Although the records contain pictures, none belong in the copy: restate word for word only the lines from the one with "Nail khusnutdinov 003 ford cv modelling 1" through the one with "黃金海岸-景點-推薦-電影世", both included.

Material shown –

++++++++++

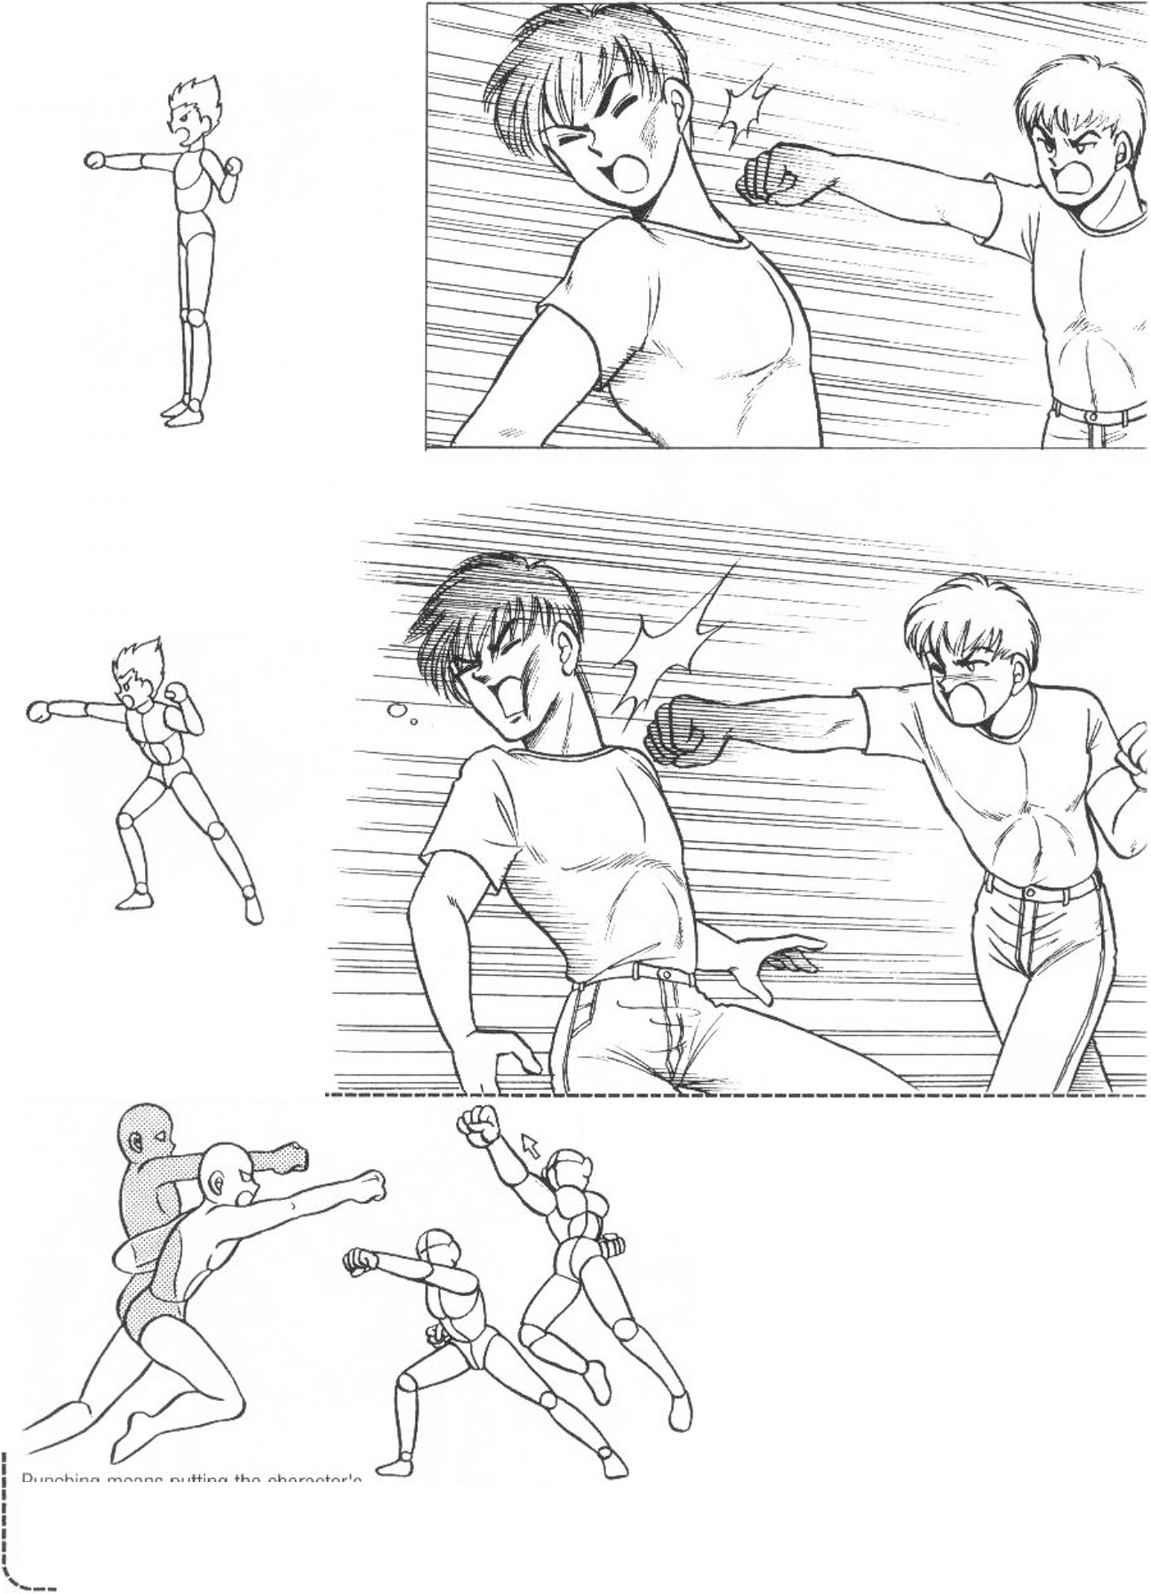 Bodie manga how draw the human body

++++++++++

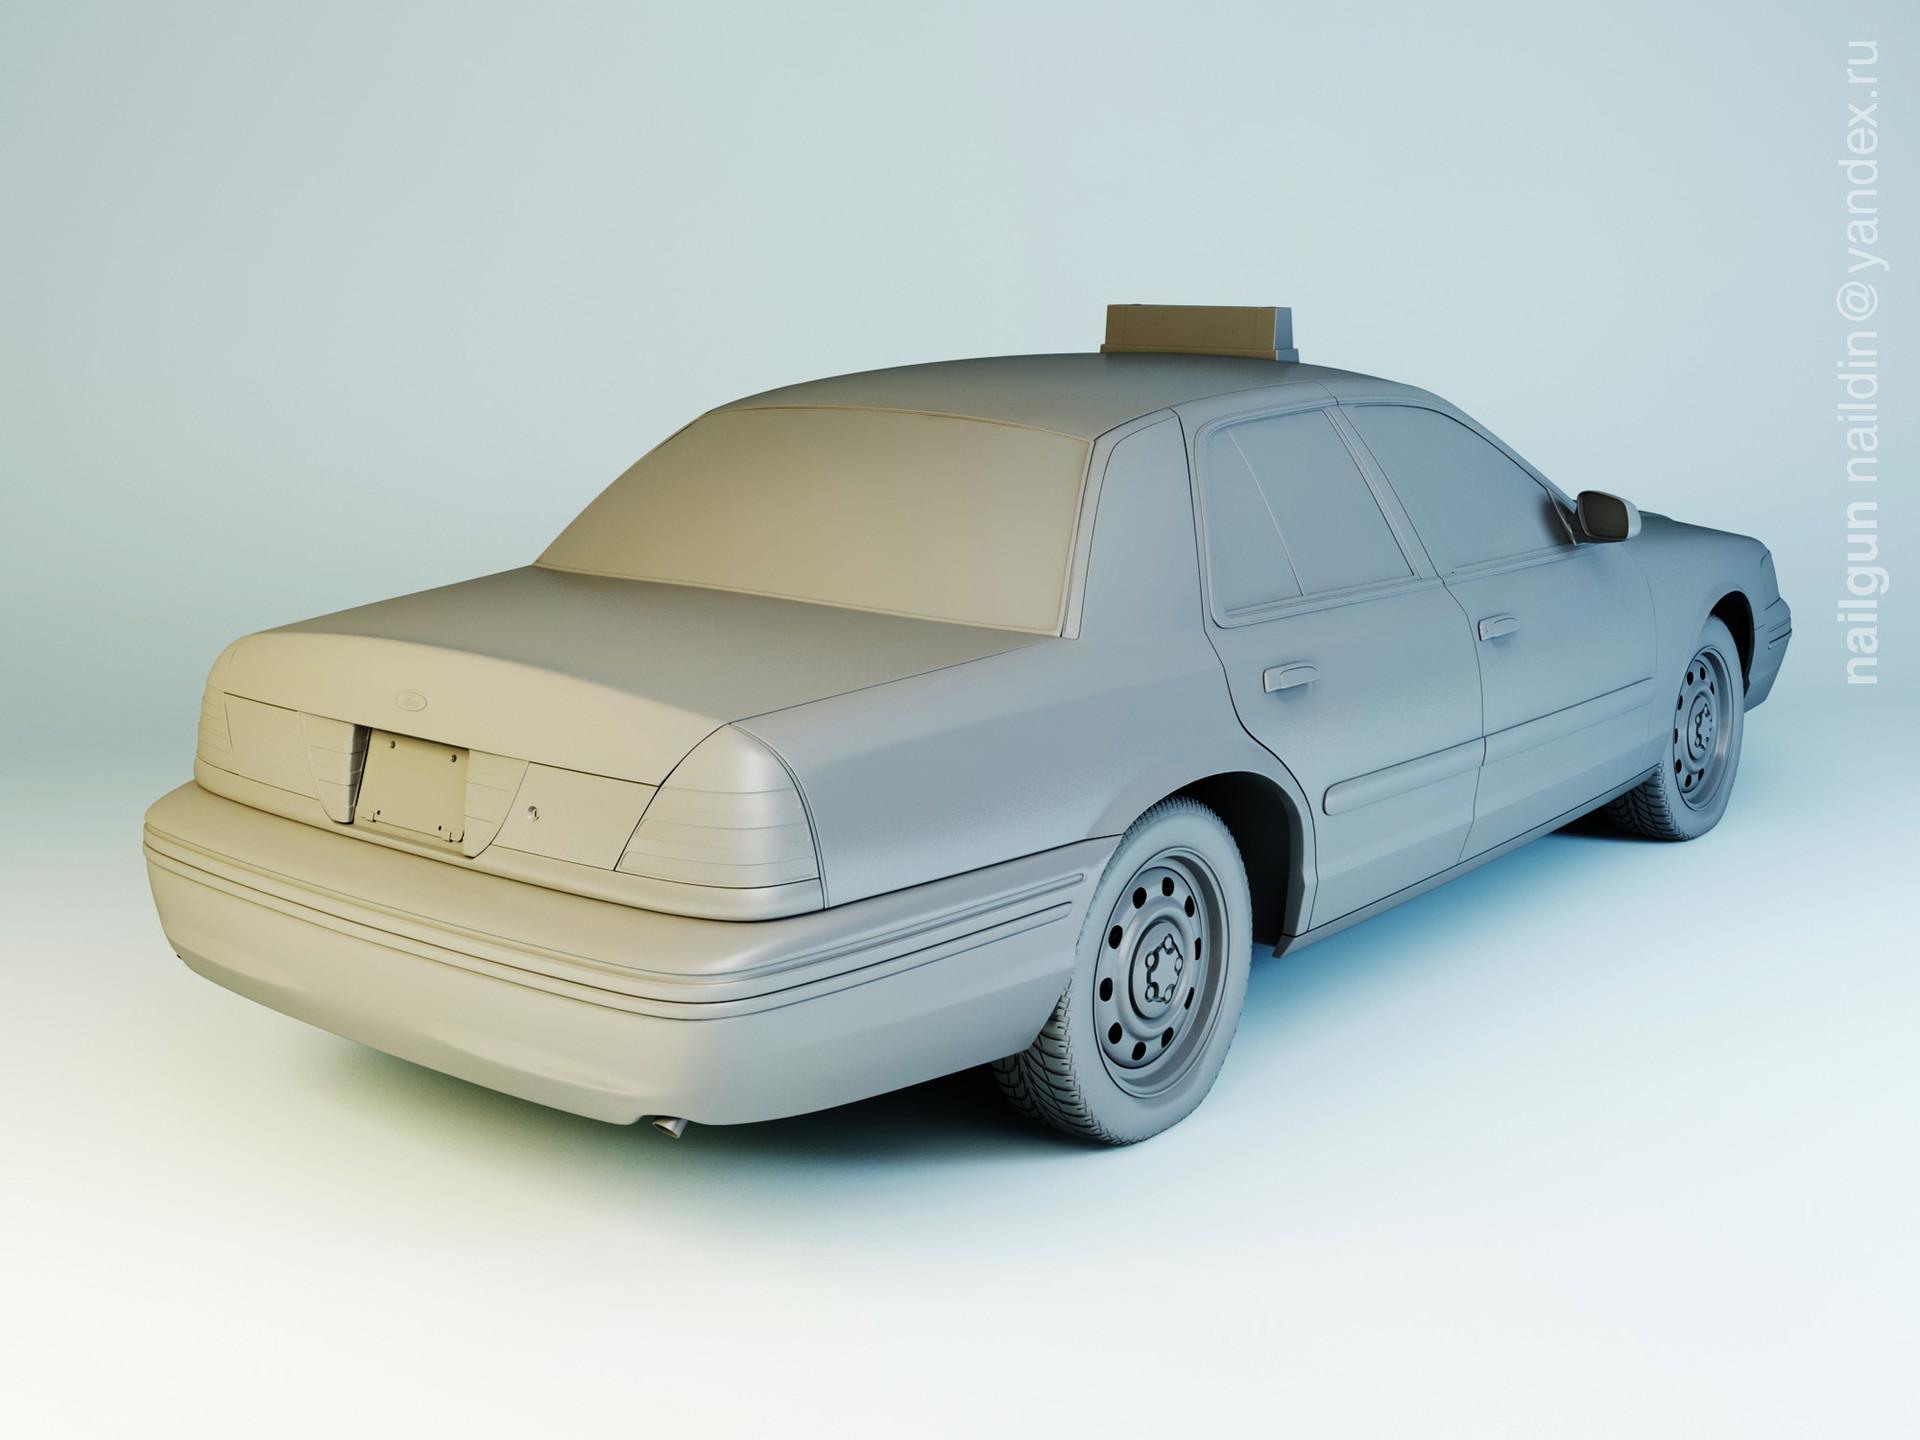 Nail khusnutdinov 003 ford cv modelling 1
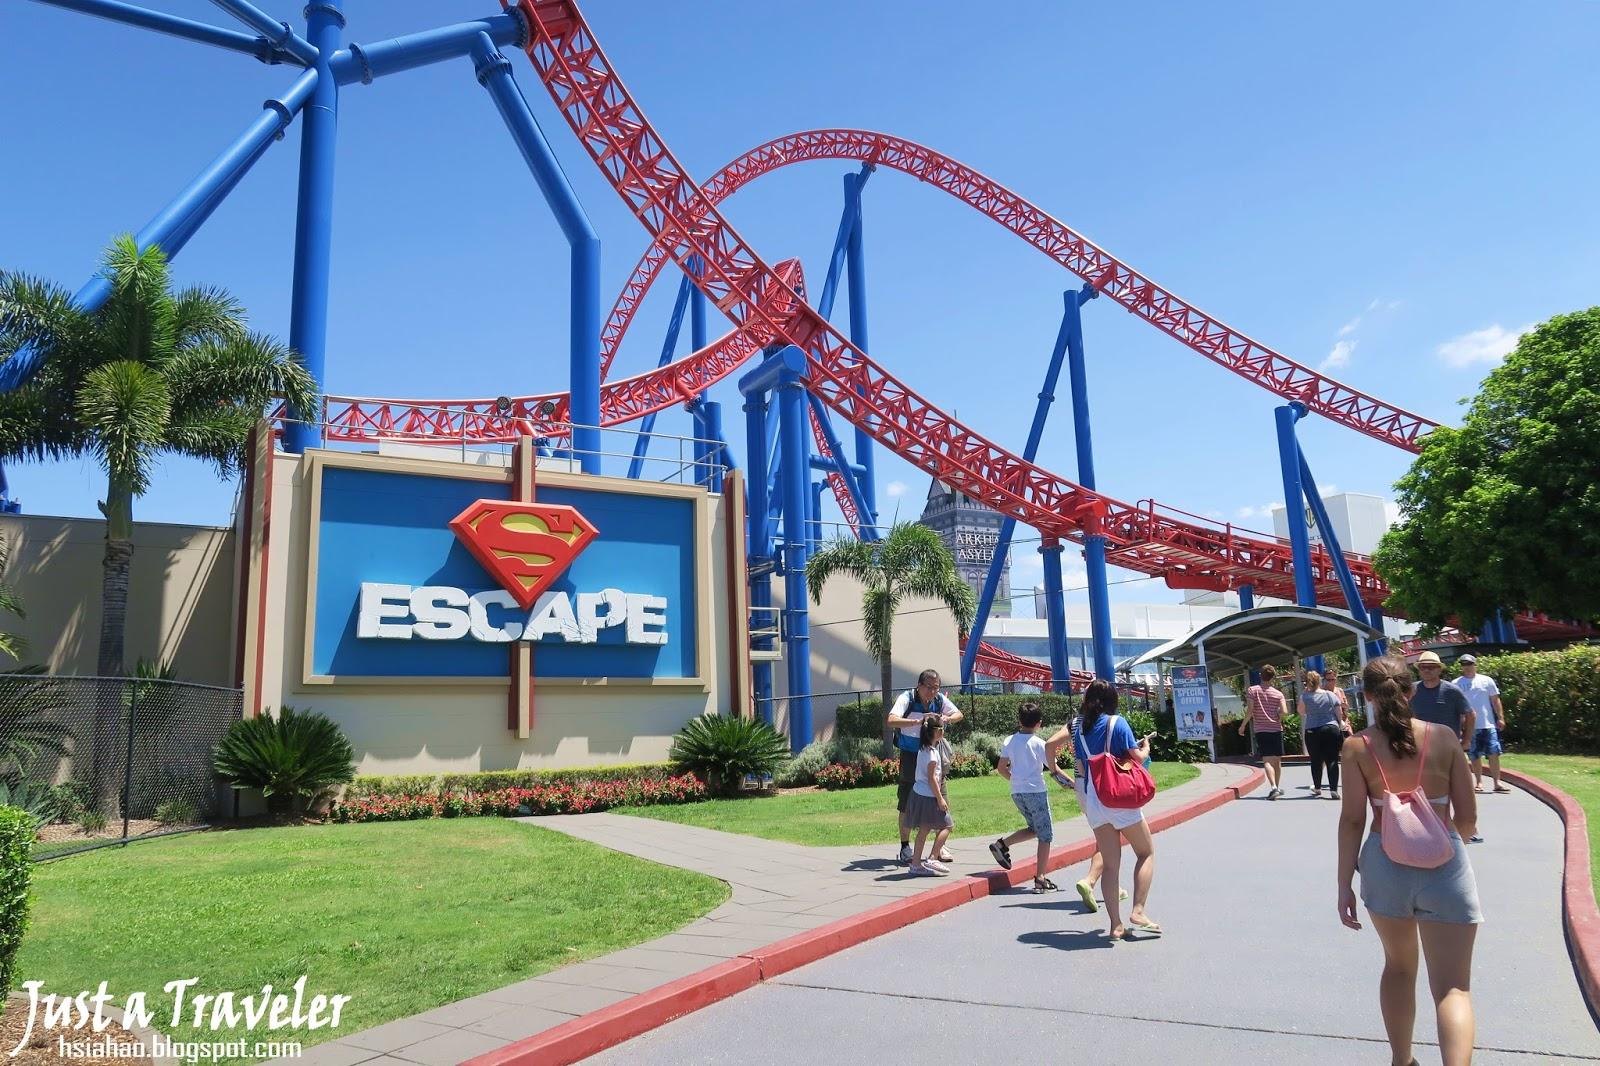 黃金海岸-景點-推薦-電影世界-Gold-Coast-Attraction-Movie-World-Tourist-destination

++++++++++

Response to the task –
 Nail khusnutdinov 003 ford cv modelling 1
 黃金海岸-景點-推薦-電影世界-Gold-Coast-Attraction-Movie-World-Tourist-destination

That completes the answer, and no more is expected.